# Wie bekomme ich diesen Effekt hin?



## fred_bb (3. November 2005)

Meine Frage:

Wie bekomme ich den Effekt hin, damit es so ähnlich aussieht, wie in den Schriften. (Das Bild habe ich angehängt)

Ich möchte eine saubere Schrift/Form verkratzt, verwischt, ... aussehen lassen.

Kann ich das (evtl. mit Plugins/Filter) in Illustrator machen oder geht das nur in Photoshop. (Und danach wieder in Vektoren umwandeln? 

Gruß Fred


----------



## Meccan (3. November 2005)

Eigentlich ist das ganz einfach!

  Wie du ja sehen kannst. Du nimmst dir einen Text
  und dann legst du diese besondere Schriftart eben in weiß drüber.
  Die Schriftart hat eben diese komischen krizzel.

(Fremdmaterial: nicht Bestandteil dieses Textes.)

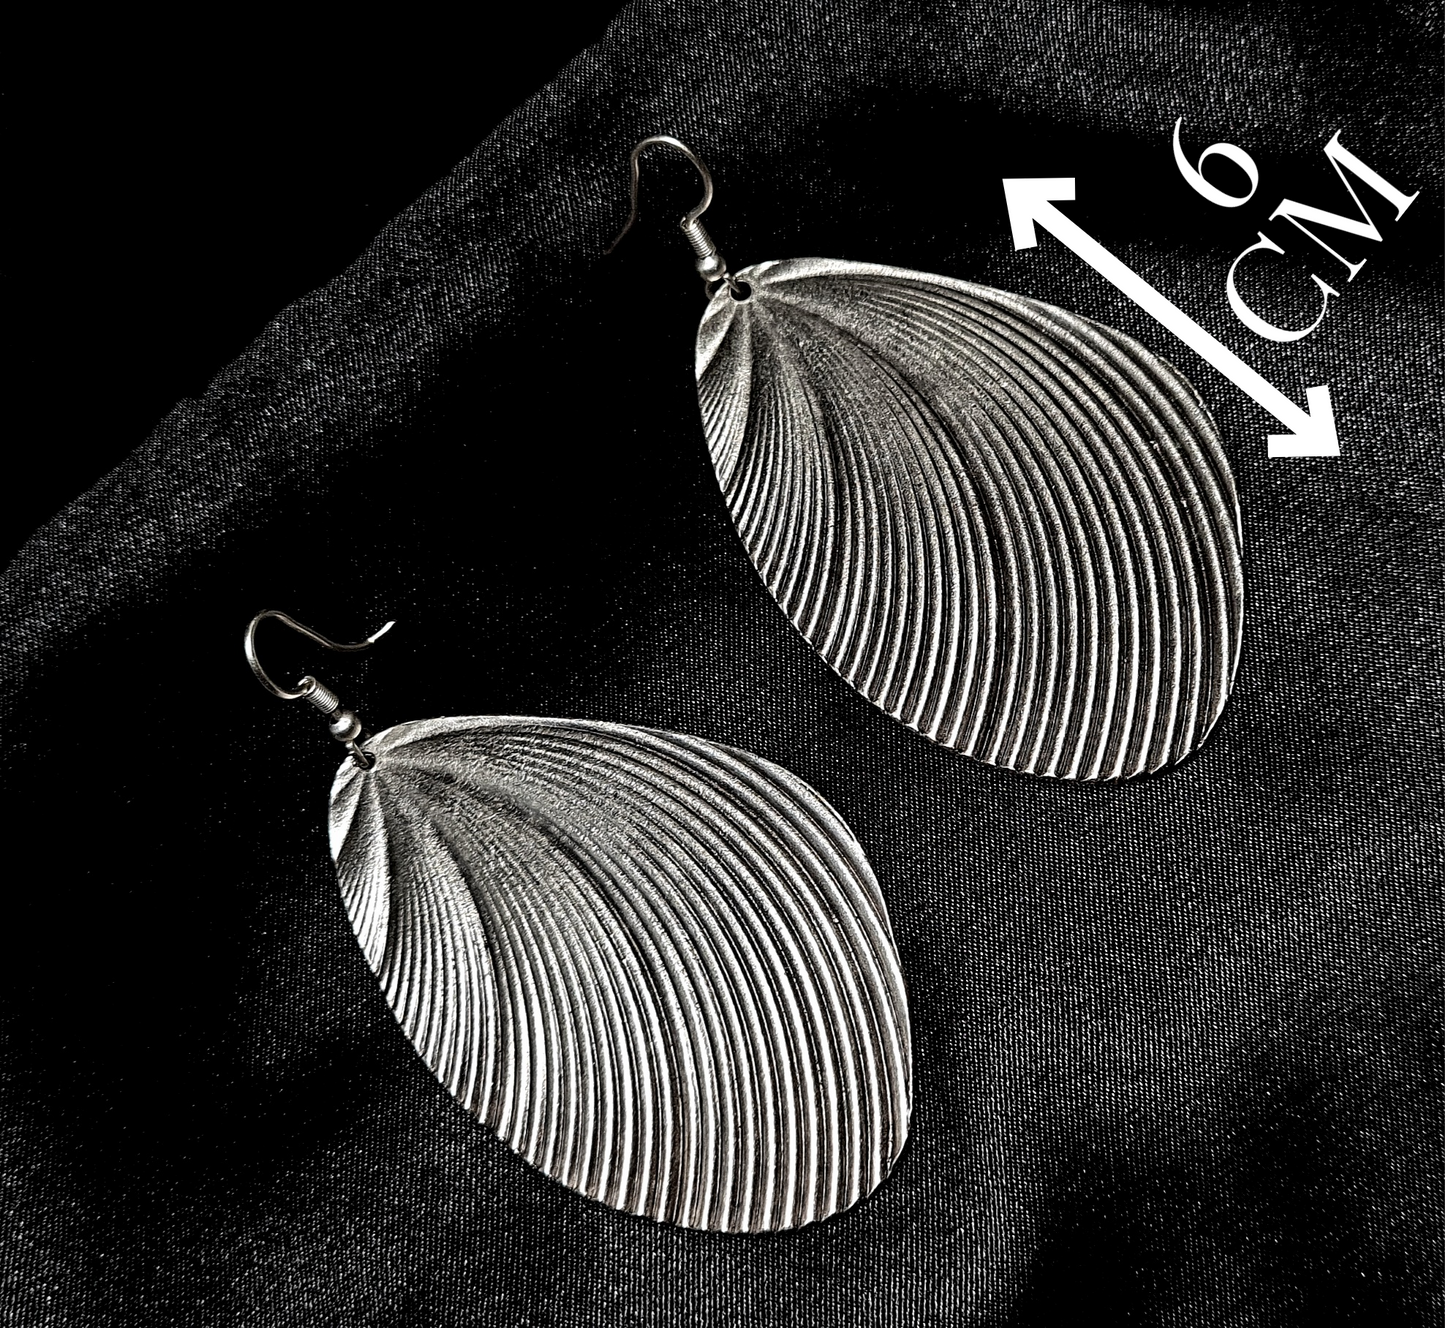 A pair of silver earrings with a shell design sitting on a black cloth. The earrings are small and delicate, and they have a shiny finish. The shell design is in the shape of a seashell, and it has a textured appearance

  Zur info die Schriftart ist Allied Engine LUBED


  MFG Carl


----------



## fred_bb (3. November 2005)

Danke für die schnelle Antwort.

Diese ist eine Allied Engine LUBED ist eine komerzielle Schrift. Gibt es da auch eine ähnliche freie Variante?

Gruß Fred


----------



## gavanaa (4. November 2005)

Das hat mich auch schon länger interessiert!

Das mit den Strichen ist eine ganz gute Idee, aber man bekommt nicht ganz so detailiert den Effekt hin, da man damit die "überflüssigen Striche" um die Buchstaben herum nicht erstellen kann.


----------



## Meccan (5. November 2005)

ähm aber das ist auch kein problem:

Du darfst halt die Striche nicht in weiß druber legen sondern in schwarz drunter lege
und 'STAUN' da sind dann auch deine außeren Striche!
Ist zwar eine etwas größere Fummelei und bracuth auch geschickt aber si geht es


UND Das ist und wäre alle mal besser als der Basket Font

MFG Carl


----------



## gavanaa (5. November 2005)

Meccan hat gesagt.:
			
		

> ähm aber das ist auch kein problem:
> 
> Du darfst halt die Striche nicht in weiß druber legen sondern in schwarz drunter lege
> und 'STAUN' da sind dann auch deine außeren Striche!
> ...



Hört sich aber nach mühsamen pingelichen arbeiten an ^^


----------



## Meccan (5. November 2005)

ich habe ein mal das alphabet so mühsam durchgearbeitet und habe jetzt eine schöne
zeknirschte schrift!!

OHNE FLEIß kein PREIS  

MFG CARL


----------